Morningstar Commune (also known as Morning Star Ranch and The Digger Farm) was an active open land counterculture commune in rural Sonoma County, California near the towns of Occidental and Sebastopol.

History
Morningstar was part of the changing society of young adults in the 1960s that traveled back and forth between San Francisco's Haight-Ashbury district and Sebastopol. Co-founder Louis Gottlieb coined the acronym LATWIDNO (Land Access To Which Is Denied No One) to refer to the ranch and other similar communal-living experiments. They preached that "if you told no one to leave, the land (the vibes) selected the people who lived on it." The ranch existed in this form for a short time (1967-1972) but was a regular gathering-place for many of those traveling through the Haight. Sonoma County finally placed a permanent injunction forbidding anyone but Gottlieb's family from living there, and proceeded to bulldoze structures three times (at Gottlieb's expense). Gottlieb's fines for 'contempt of court' for not ordering people off the land finally totaled over $14,000. He also was jailed for a week on contempt charges. After all the turmoil, Morning Star ceased to exist by 1973.

"Morningstar" lives on as the name of one of the residences at Twin Oaks Community, a contemporary commune of 100 members in Virginia.
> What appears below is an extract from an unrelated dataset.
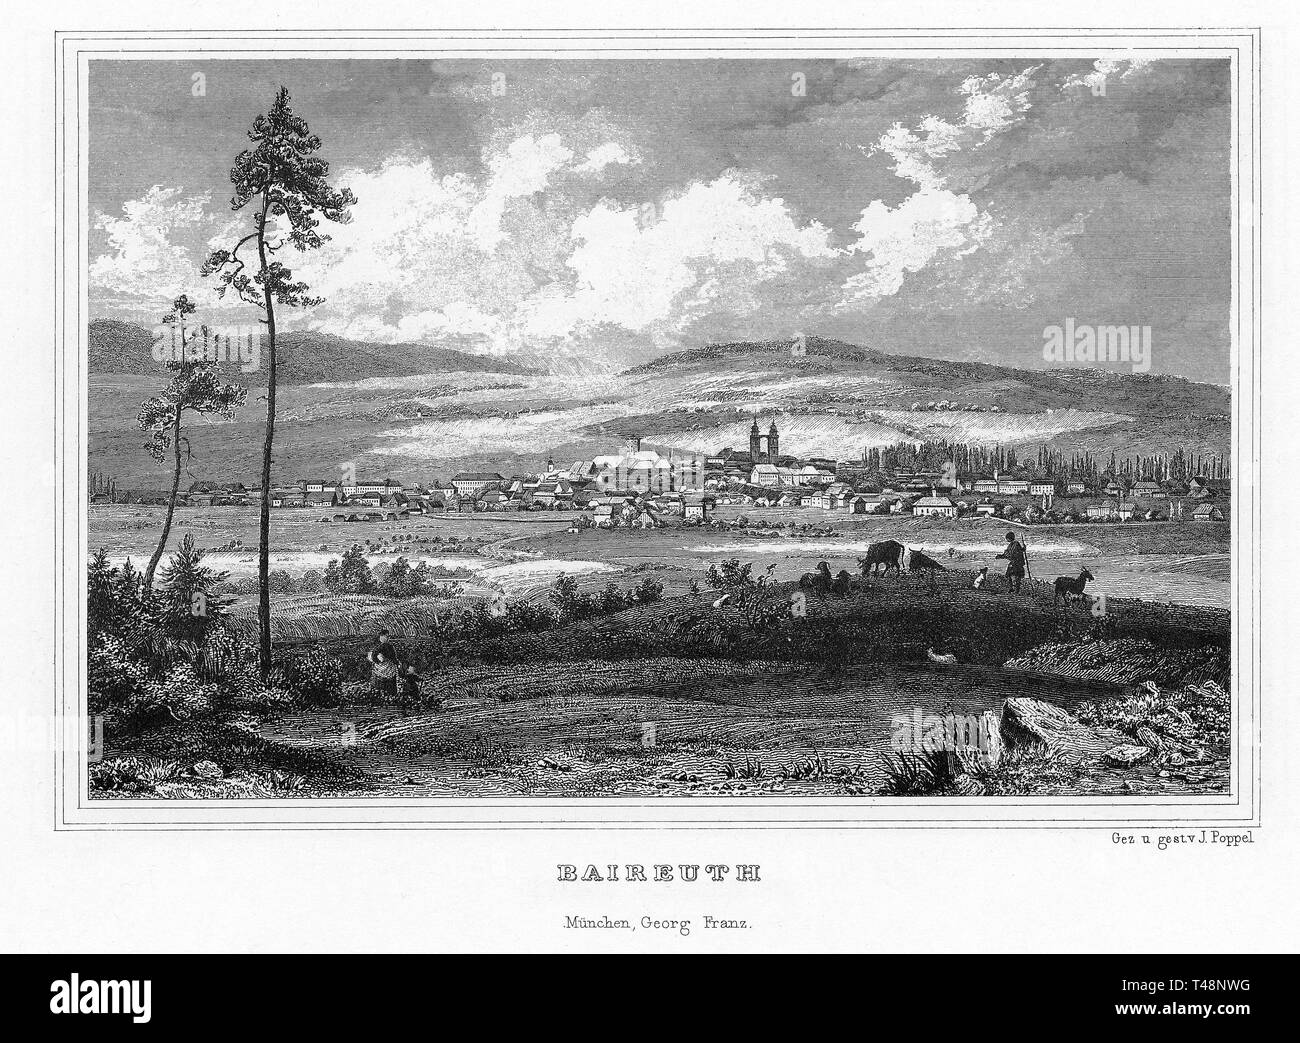 Bayreuth, Baireuth, Zeichnung und Stahlstich von J. Poppel, 1840-54, Königreich Bayern, Deutschland Stockfoto

All buildings at Twin Oaks are named after communities that no longer exist.  Ramon Sender has written about Morningstar as part of his effort to document the history of the Free Land movement by compiling oral history interviews. See "Home Free Home".

When the Limeliters folk trio (of which Gottlieb was a founding member) reunited in the 1970s, their autobiographical song "Acres of Limeliters" noted the activities of the members while they had been apart, including the line ". . .while Lou played Executive Hippie at his Morningstar groupie rest home!"

T.C. Boyle's 2003 novel Drop City tells the fictional account of a commune with many qualities in common with Morningstar.

In 2008, a play written about the Morningstar Commune premiered in California.

, the property is up for sale by Gottlieb's heirs, and friends of Morningstar are searching for someone in need of 
a substantial tax write-off to purchase and donate the property to  a local land trust.

References

External links
 Links to Morningstar Newsletter, Scrapbook of Morningstar Photos, and other material.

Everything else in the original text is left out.